▸ **THE DATA**:
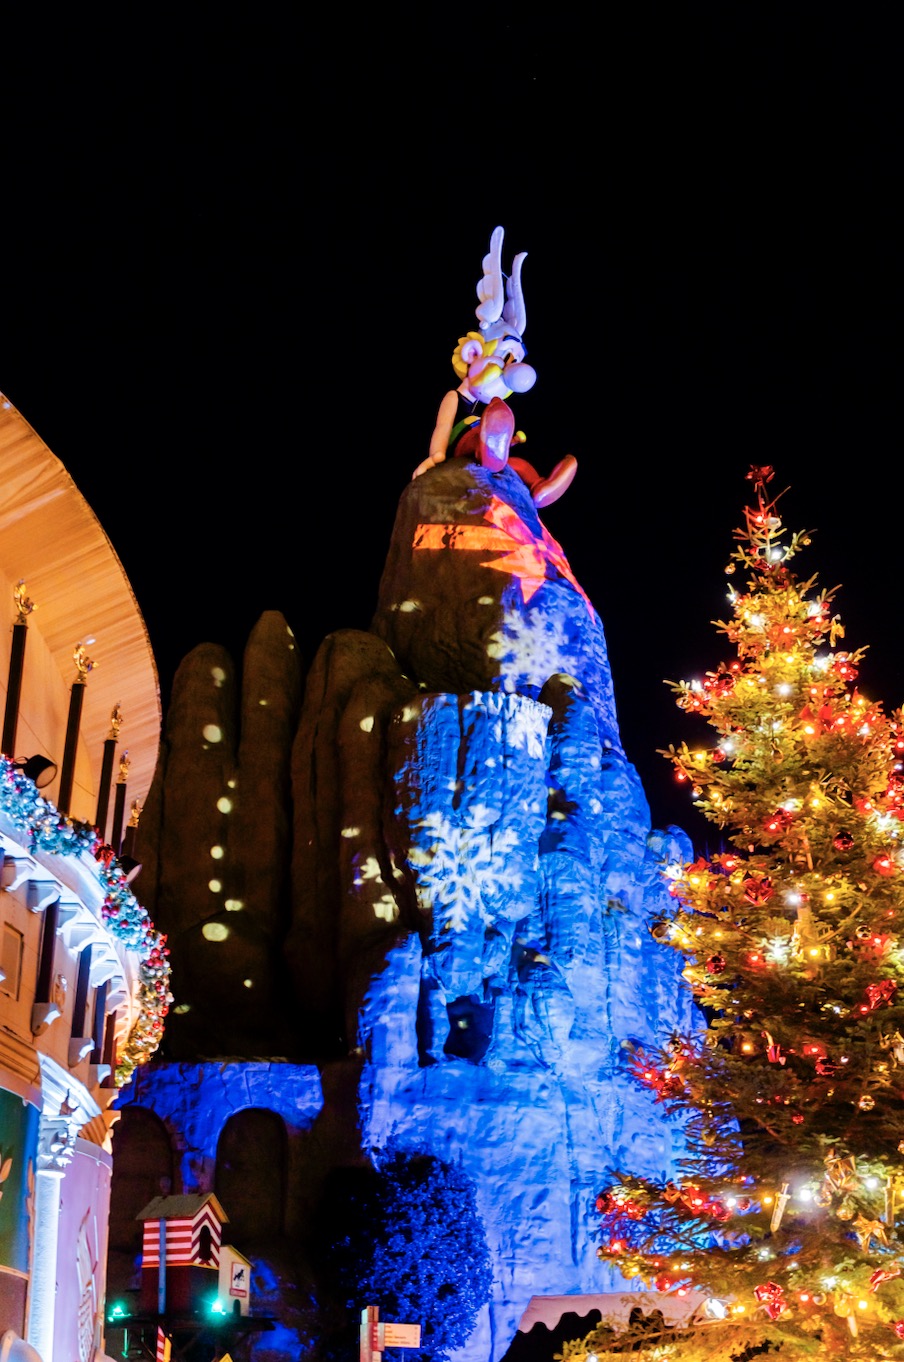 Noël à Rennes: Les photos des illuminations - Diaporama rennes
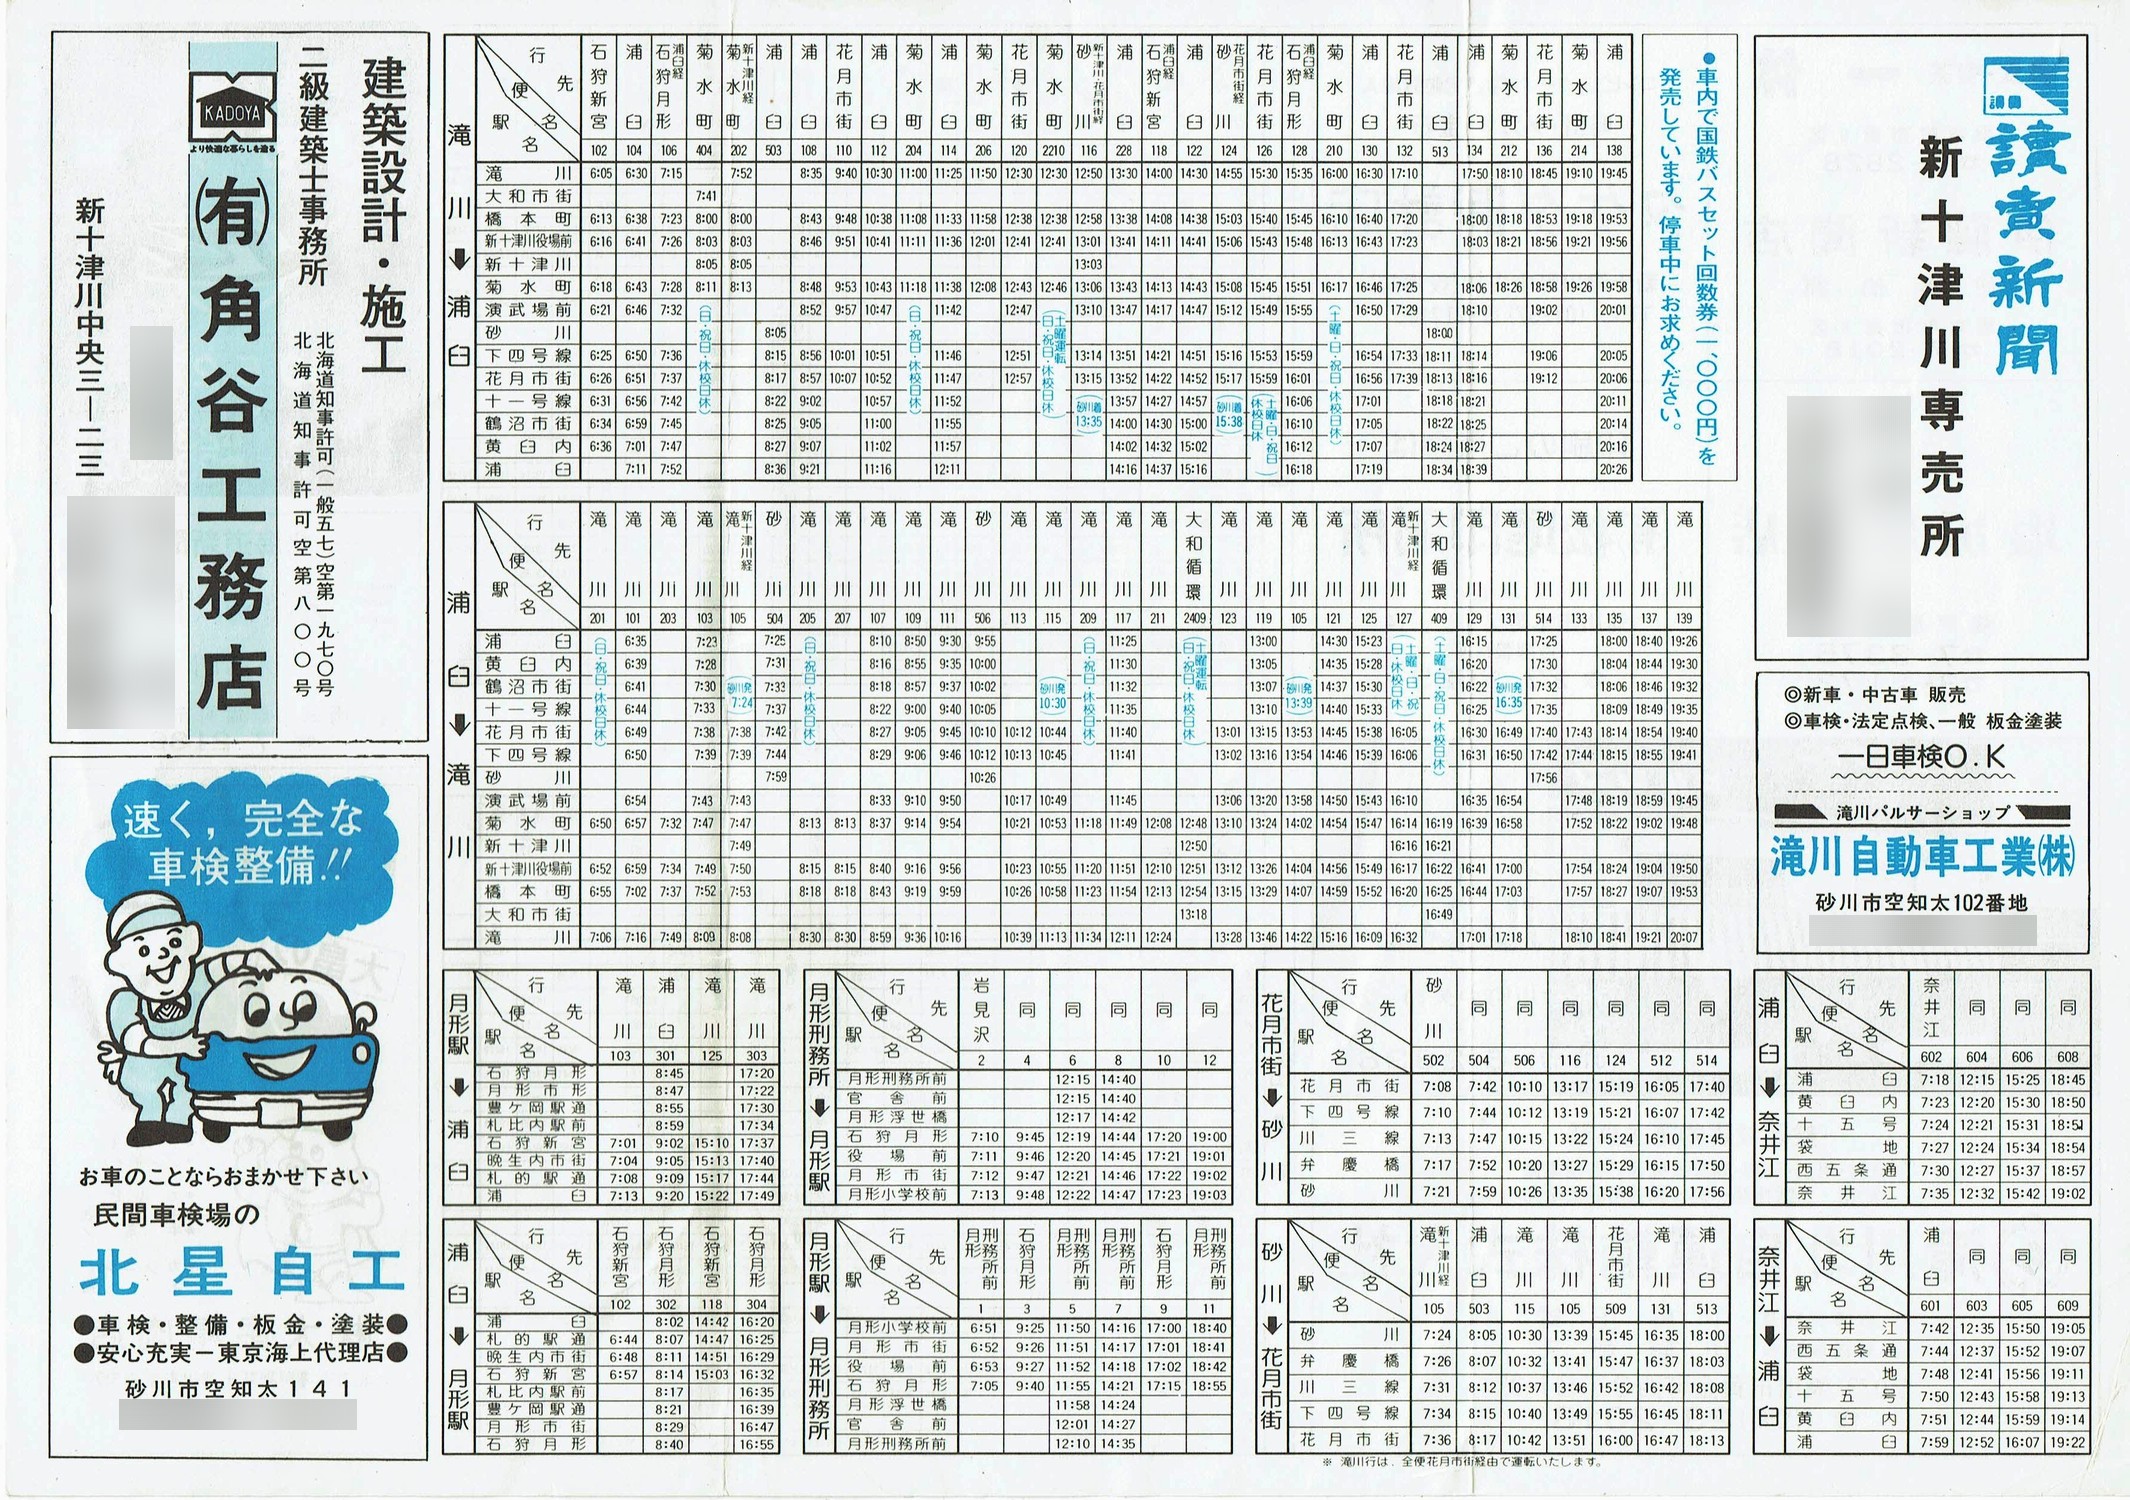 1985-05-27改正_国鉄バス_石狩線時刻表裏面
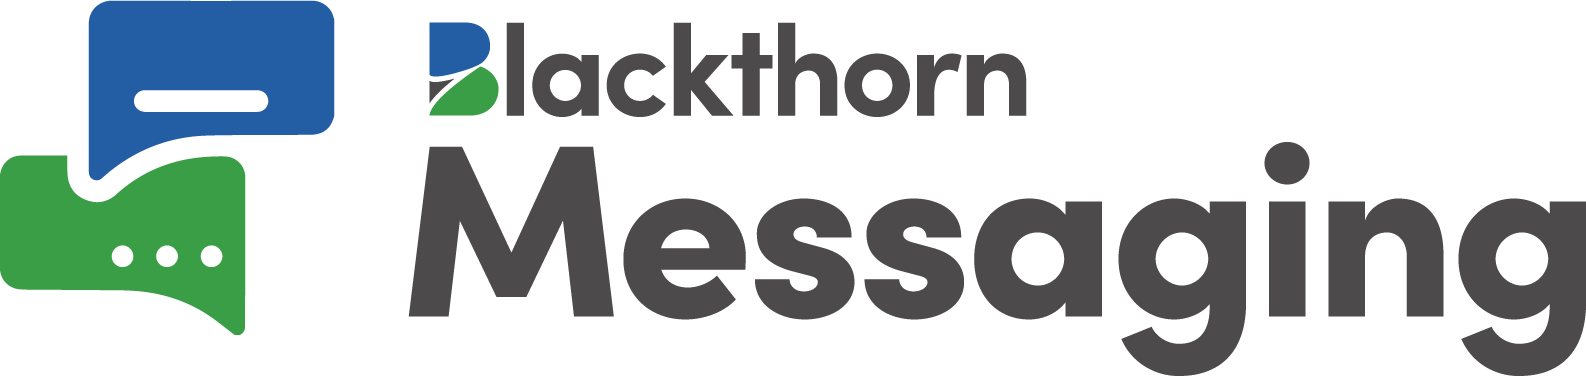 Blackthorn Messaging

▸ **BRIEF**: This exercise asks for the data above to be given again exactly, without pictures.

▸ **RESPONSE TO THE EXERCISE**:
 Noël à Rennes: Les photos des illuminations - Diaporama rennes
 1985-05-27改正_国鉄バス_石狩線時刻表裏面
 Blackthorn Messaging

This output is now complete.